The poplar trees across the road, at the state school had never looked so immense and forbidding. Clinging bravely to my side of the street, I shuffled ( a slipper related gait) past Dan and Betty's house, past their weird neighbours to stand by the rosemary hedge of the church to gaze at my final destination and marshall my courage.
MOG was bathed in an eerie predawn light. The massive gums towered over the cluster of buildings and whispered menacingly as I approached, mounting the bluestones steps I manfully negotiated the main path to the playground. A desperate search ensues but there is no baby magpie to be found, my little heart breaks.
A frightening screech shatters the silence. I have been spotted by an extremely angry and vengeful mother magpie. Too late, I turn and run. Thwack I cop a wing to head, I scream and continue to run as if my life depends on it. Thwack once again her aim is perfect. I am about to die! Run little Preppie Pete run. More scared than I have even been in my short life I wonder in my terror, why me? Surely she could sense I was trying to rescue her baby!
I clear the gate, scramble down the steps and run. With slippers slipping and dressing gown flapping I fly like the wind. The screeching intensifies, by this point I am probably outdoing the mother magpie by ten decibels to one.. I will never make it. The distance is too great. Who will break the news to my family?
At last, with one final slap with her beak the mother magpie abandons her attack. I am home. 13 Robinhood Road East Ivanhoe, a sanctuary for many a child and even more animals. The count at this stage was nine children, one dog, one cat "mummy" and her numerous kittens, thirty two chooks, twenty pidgeons, numerous budgies, two guinea pigs and a rabbit. In my family the love of animals was a bit of a trait, and pets do make a family.
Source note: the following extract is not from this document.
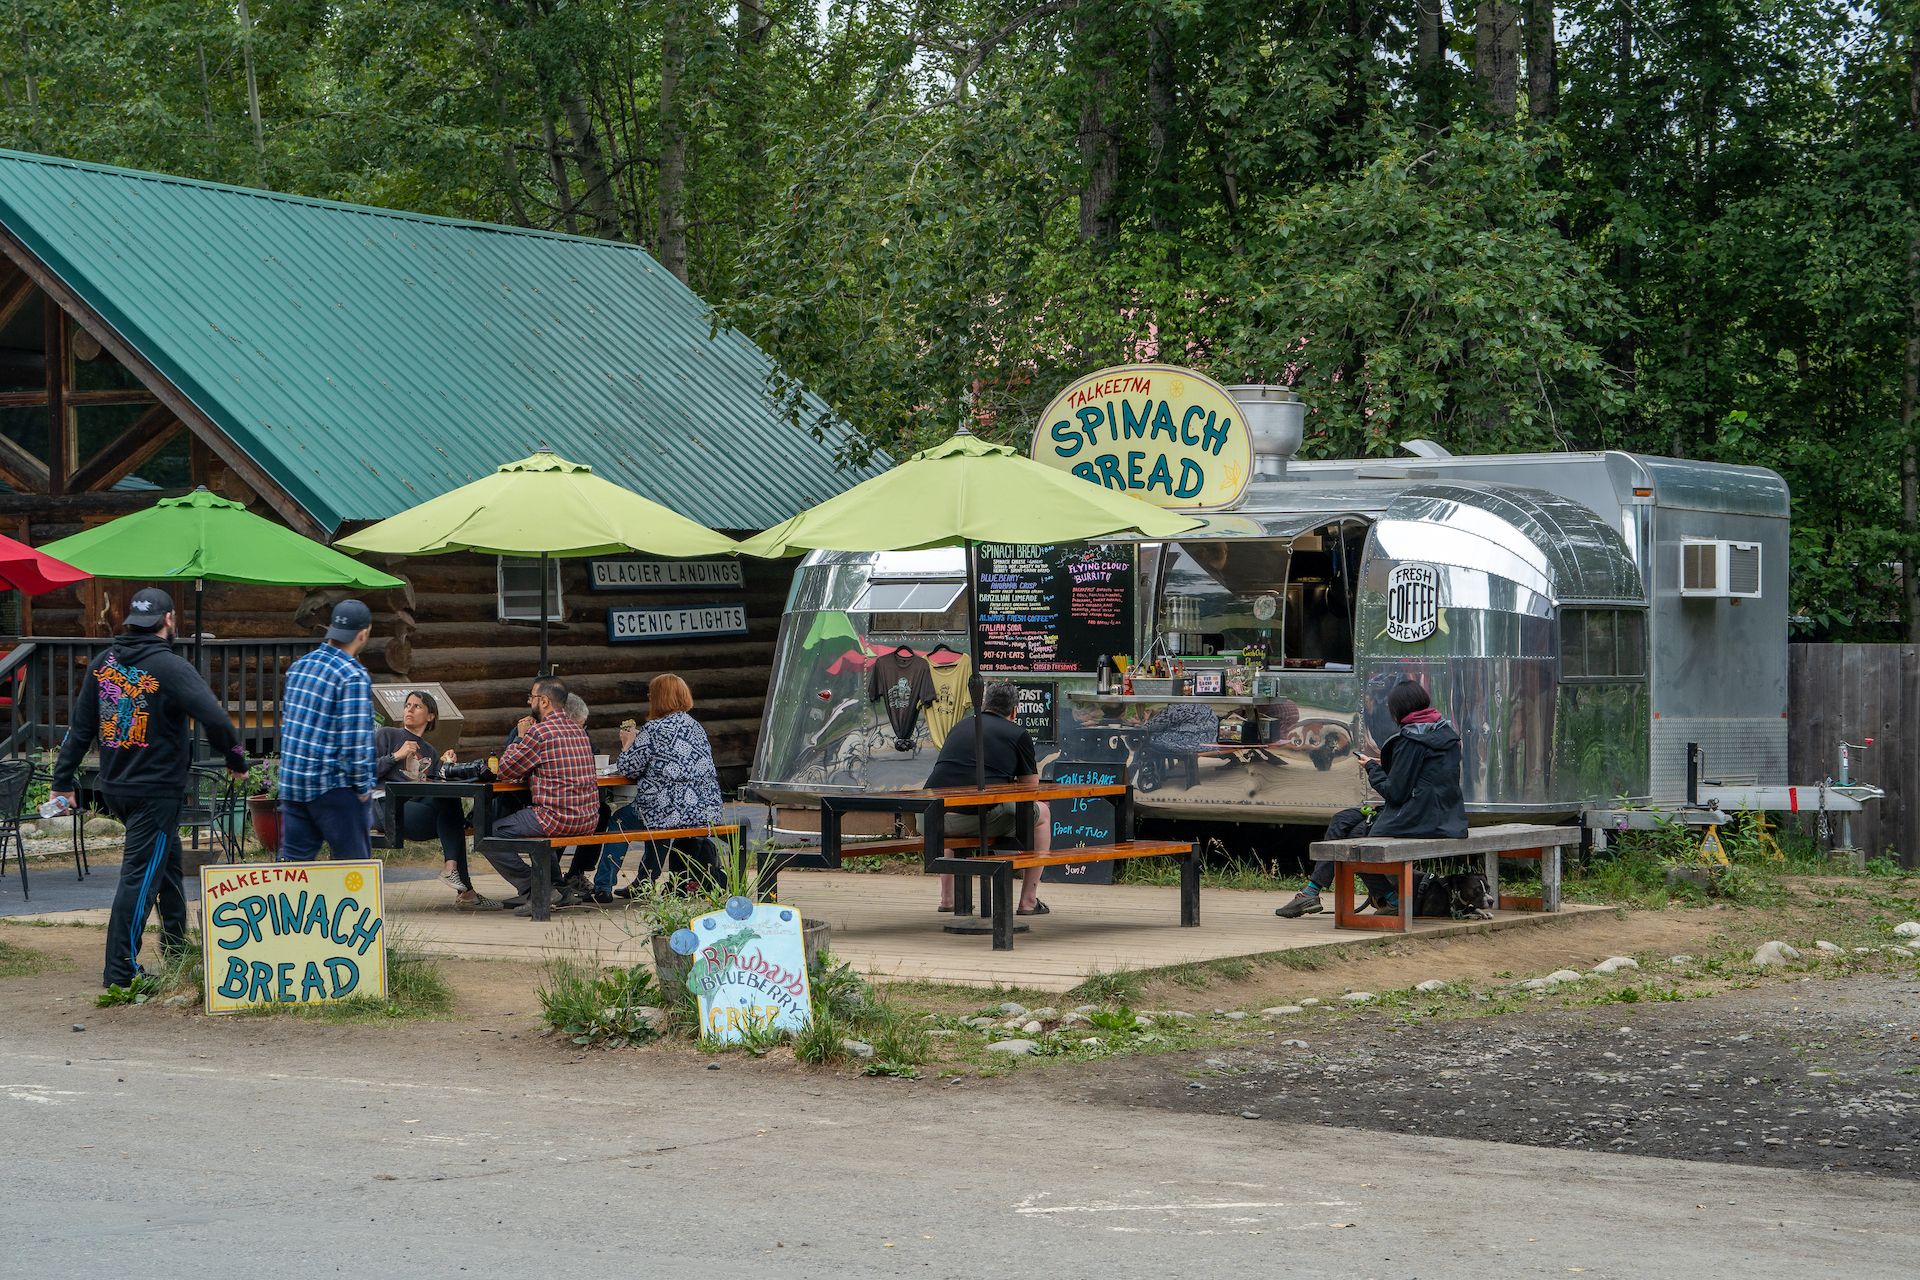 The Spinach Bread food truck was a popular choice for lunch.

Afterword : To this day I have no memory of my homecoming on this fateful day. I put this down to my dad, a man who understood why a small boy would leave the house in the dark to rescue a magpie. I later discovered that Father Fen, our parish priest had dispatched the baby magpie so that's it's parents would not harm my fellow precious students. I have no idea why he did not consider that his actions may have subjected me to extreme peril! He was a nice enough old chap, but in light of all that went on I was never again amused by his "watch me pull the end off my thumb" trick again.
After the Afterword: I now reiterate, that is so called Delightful Dave's favourite story of my childhood, and tears of laughter run down his face as I retell of my terror. Sweet? I do wonder.